Came, and went, in public silence — even from Senate Democrats frustrated by the Biden administration’s blowing past some of the checkpoints that would give Congress more of a say in the United States’ deepening military engagement in the Middle East conflicts.
The Biden administration contends that nothing in the War Powers Resolution, or other deadlines, directives and laws, requires it to change its military support for Israel’s five-month-old war in Gaza, or two months of U.S. military strikes on the Houthis, or to submit to greater congressional oversight or control.
That’s left some frustrated Senate Democrats calibrating how far to go in confronting a president of their own party over his military authority.
Democrats are wary of undercutting Biden as he faces a difficult reelection campaign.
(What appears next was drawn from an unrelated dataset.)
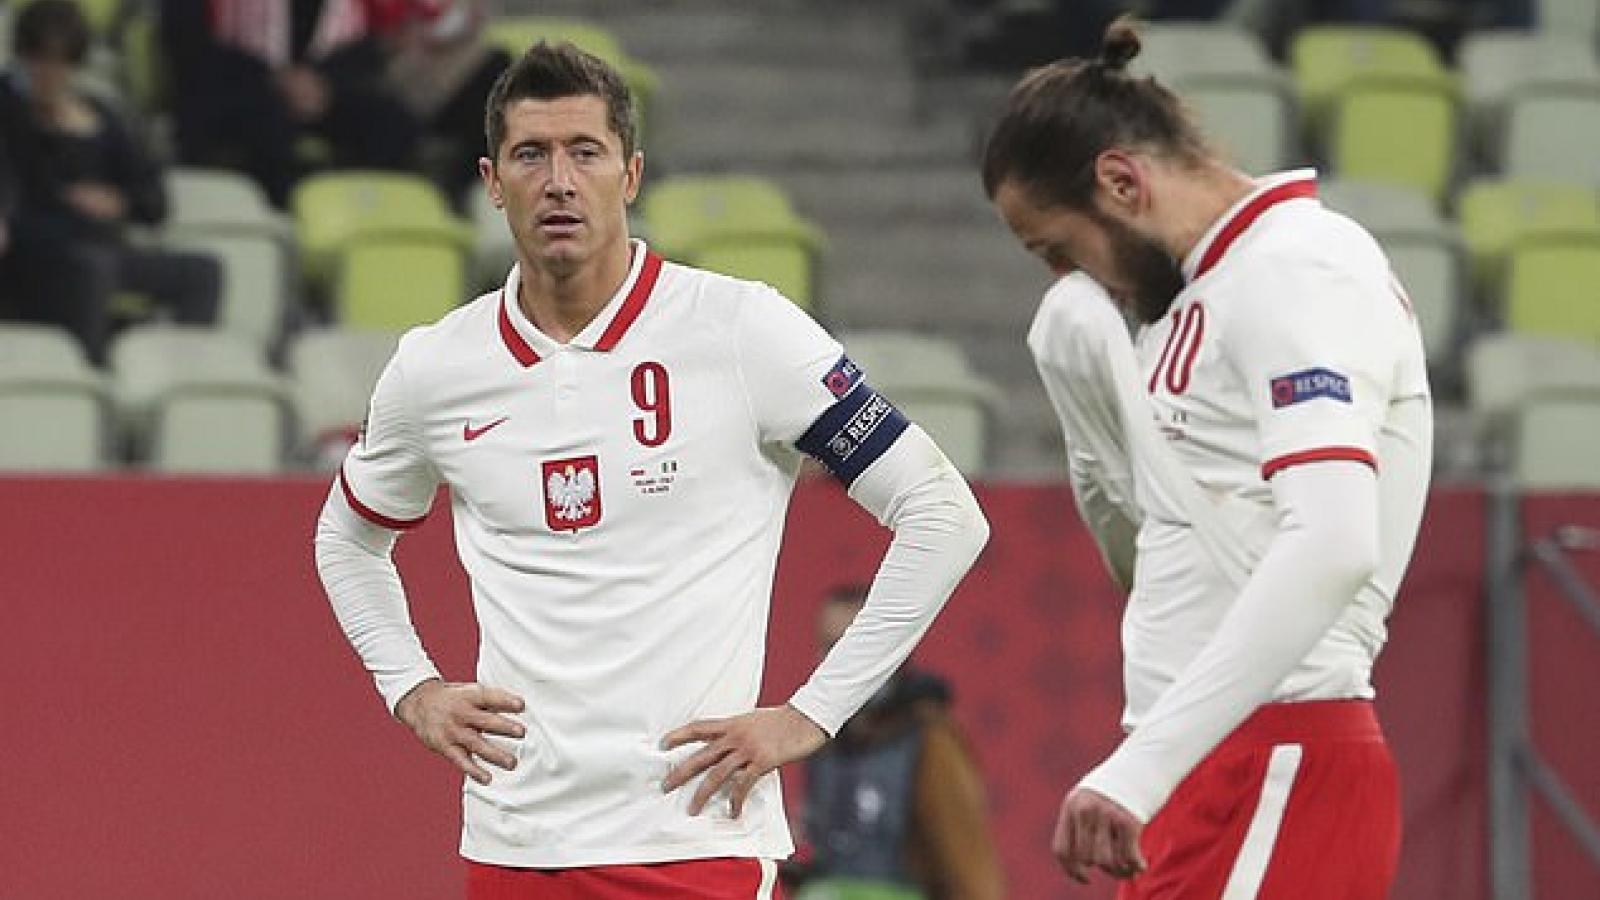 Vô hiệu hóa Lewandowski, Italia vẫn bị Ba Lan cầm hòa đáng tiếc

Their ability to act is limited by their control of only one chamber, the Senate, where some Democrats — and many Republicans — back Biden’s military actions in the Middle East.
While Biden’s approach gives him more leeway in how he conducts U.S. military engagement since Hamas’ Oct. 7 attacks, it risks making any crisis deeper if things go badly wrong.
James A. Siebens, leader of the Defense Strategy and Planning project at the Stimson Center in Washington, called it a “latent constitutional crisis.”
The Middle East conflicts have revived what’s been a long-running clash between presidents, who are the commanders in chief, and Congress, which holds the authority to stop and start wars, or lesser uses of military force, and controls their funding.